In: Finance
Problem 9-7
Forecasted Statements and Ratios
Upton Computers makes bulk purchases of small computers, stocks them in conveniently located warehouses, ships them to its chain of retail stores, and has a staff to advise customers and help them set up their new computers.
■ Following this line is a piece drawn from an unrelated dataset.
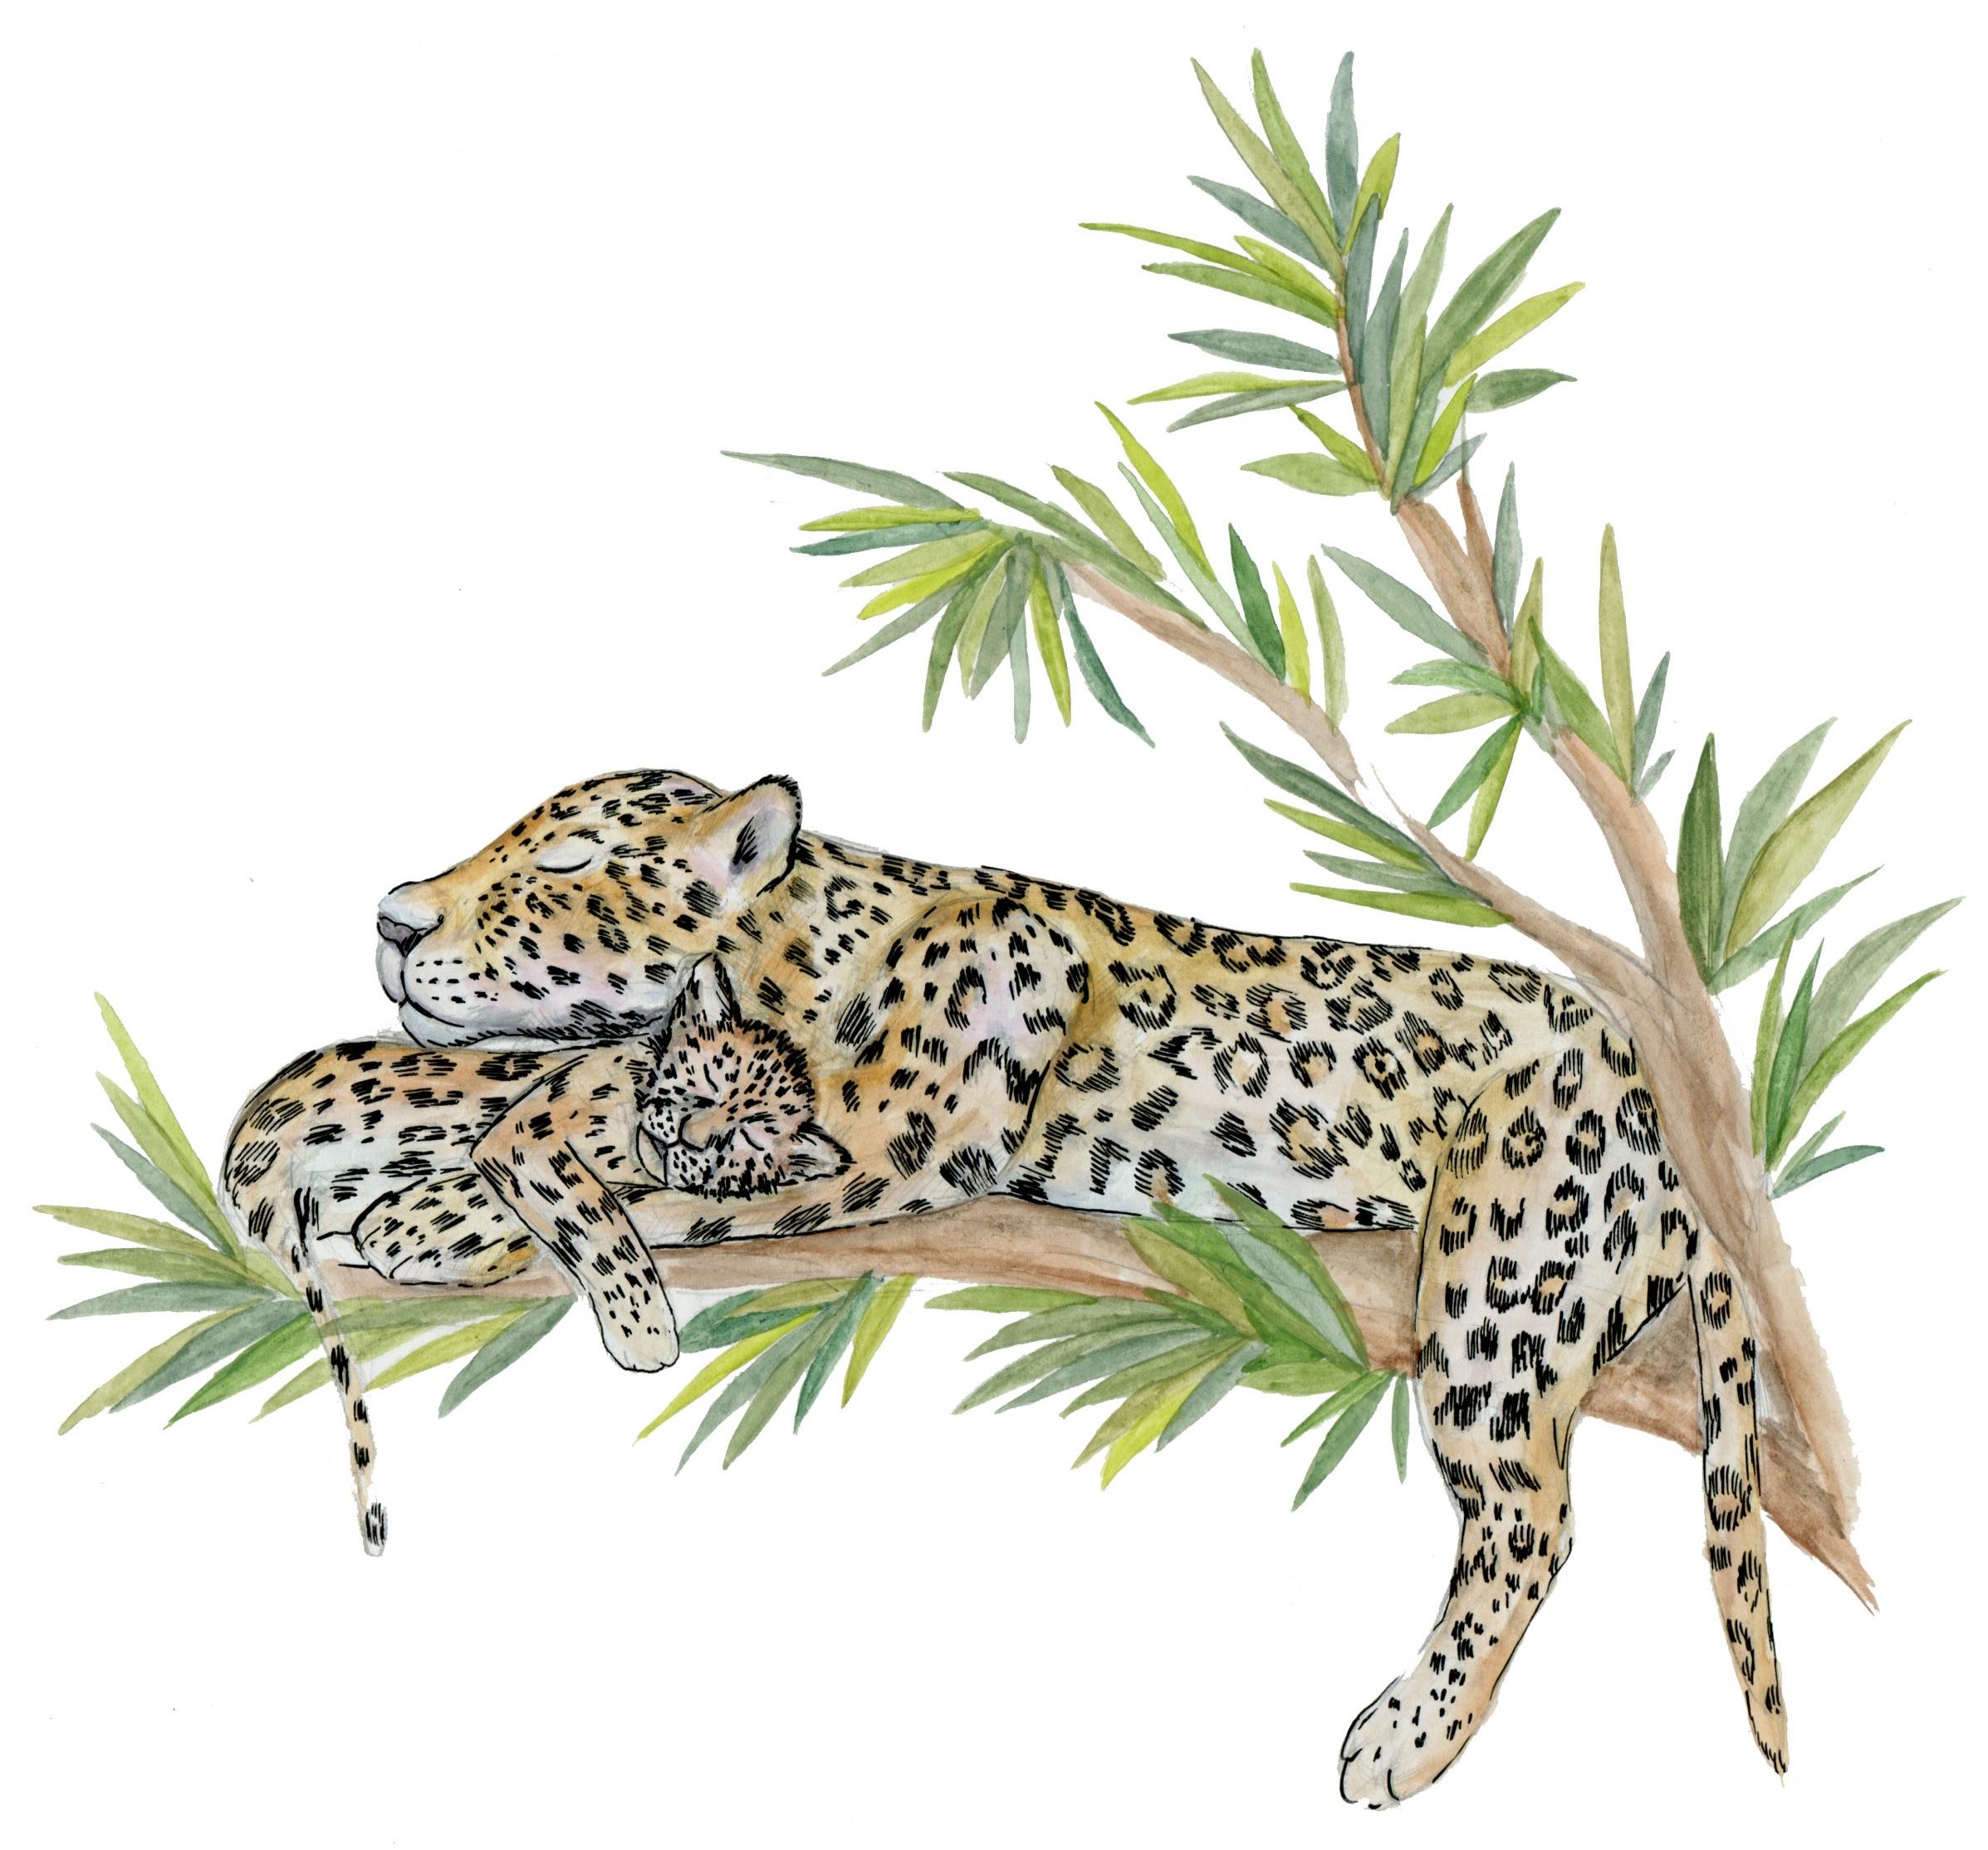 jaguar009.jpg

Upton's balance sheet as of December 31, 2015, is shown here (millions of dollars):
| Cash | $ 3.5 | Accounts payable | $ 9.0 | |
| Receivables | 26.0 | Notes payable | 18.0 | |
| Inventories | 58.0 | Line of credit | 0 | |
| Total current assets | $ 87.5 | Accruals | 8.5 | |
| Net fixed assets | 35.0 | Total current liabilities | $ 35.5 | |
| Mortgage loan | 6.0 | |||
| Common stock | 15.0 | |||
| Retained earnings | 66.0 | |||
| Total assets | $122.5 | Total liabilities and equity | $122.5 |
Sales for 2015 were $375 million and net income for the year was $11.25 million, so the firm's profit margin was 3.0%. Upton paid dividends of $4.5 million to common stockholders, so its payout ratio was 40%. Its tax rate is 40%, and it operated at full capacity. Assume that all assets/sales ratios, spontaneous liabilities/sales ratios, the profit margin, and the payout ratio remain constant in 2016. Do not round intermediate calculations.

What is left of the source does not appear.